Sunday, October 28, 2012

Movie Review: "The Sessions"

Mark O'Brien was a poet living in Berkeley, California in the late 1980s. After contracting polio at age 6, he spent the majority of his life in an iron lung, as his muscles were too weak to sustain any real movement. In his mid-30s, he decided he no longer wished to be a virgin, and hired a sex surrogate to help him achieve that goal. He recounted his experiences in an article called "On Seeing a Sex Surrogate."

Ben Lewin's surprisingly funny, warm, and enjoyable movie The Sessions is based on O'Brien's article. Academy Award nominee John Hawkes (Winter's Bone) gives a fantastic performance as O'Brien, a devout Catholic who craves love. After researching an article on sexual activity among people with disabilities, he realizes that there is an opportunity to explore a side of himself he never believed possible.

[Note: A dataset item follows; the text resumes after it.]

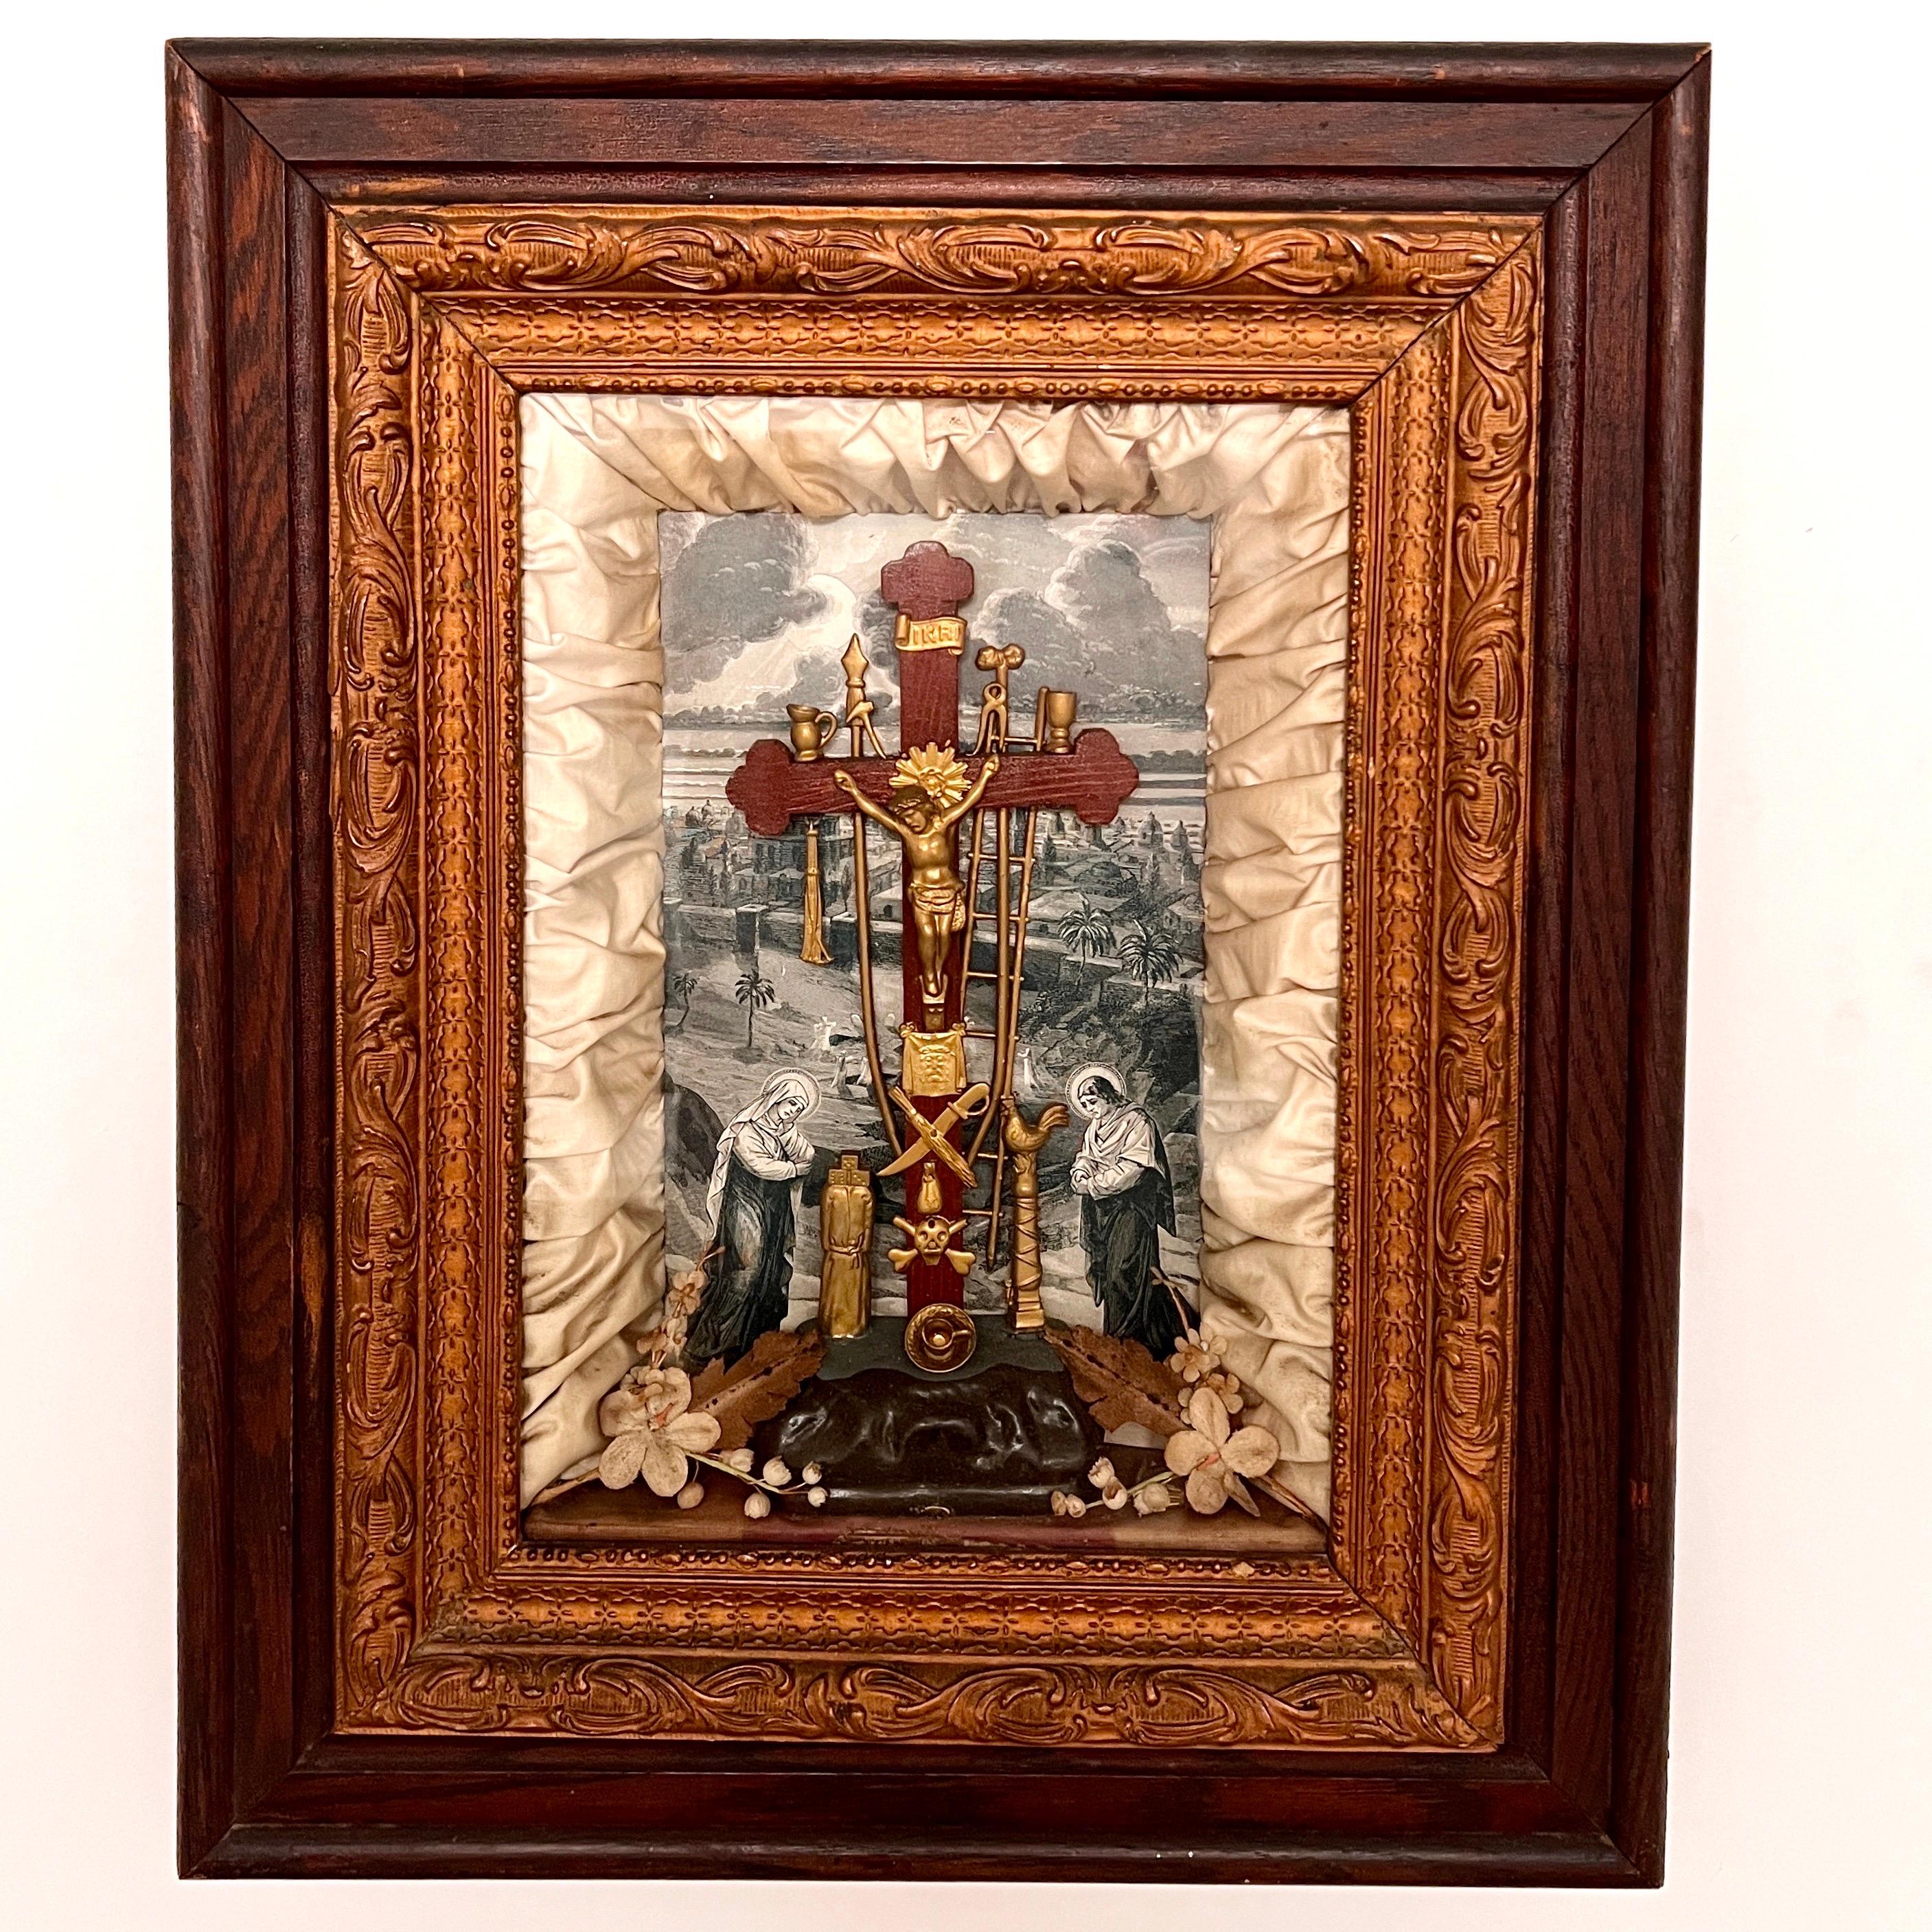 Victorian Era religious shadowbox frame depicting Christ and the instruments of Passion also known as the Arma Christi. Features background print in sepia tones with center wooden cross with a gold Christ as well as various gold metal instruments.

After seeking permission from his neighborhood priest (William H. Macy, believably befuddled by O'Brien), Mark hires sex surrogate Cheryl Cohen Greene (Helen Hunt). Cheryl tries to approach Mark as just another client seeking to achieve a goal, but finds the challenges of her own life play havoc with her emotions. Cheryl helps Mark not only gain control of his body, but his courage and self-confidence as well.

Hawkes, who played menacing characters in both Winter's Bone and last year's Martha Marcy May Marlene, gives a performance which dazzles not only for his ability to evoke sensitivity, wry humor, and anxiety, but simply for the fact that he spends the entire movie lying flat on his back, head slightly tilted. The emotions and depth he is able to convey while not moving are the stuff for which awards are deservedly given. You never feel sorry for Mark because of his condition; you marvel at his heart, his mind, and his wicked sense of humor.

Helen Hunt, who has been practically AWOL from films for some time, also gives a terrific performance. Literally baring herself (and looking fantastic at age 49), she brings passion and intelligence to her role as a woman torn between professional detachment and emotional inspiration. Hunt is able to convey multiple emotions with a simple expression, and I found this to be a stronger performance than the one she won an Oscar for in As Good As It Gets. (Don't get me started on that one.)

This is a beautiful, well-acted little movie that is frank in its portrayal of our sexual desires, but is more about our need to feel loved. These actors, and the characters they played, make it easy to love them. I'd expect to see this movie receive a great deal of recognition come Oscar time.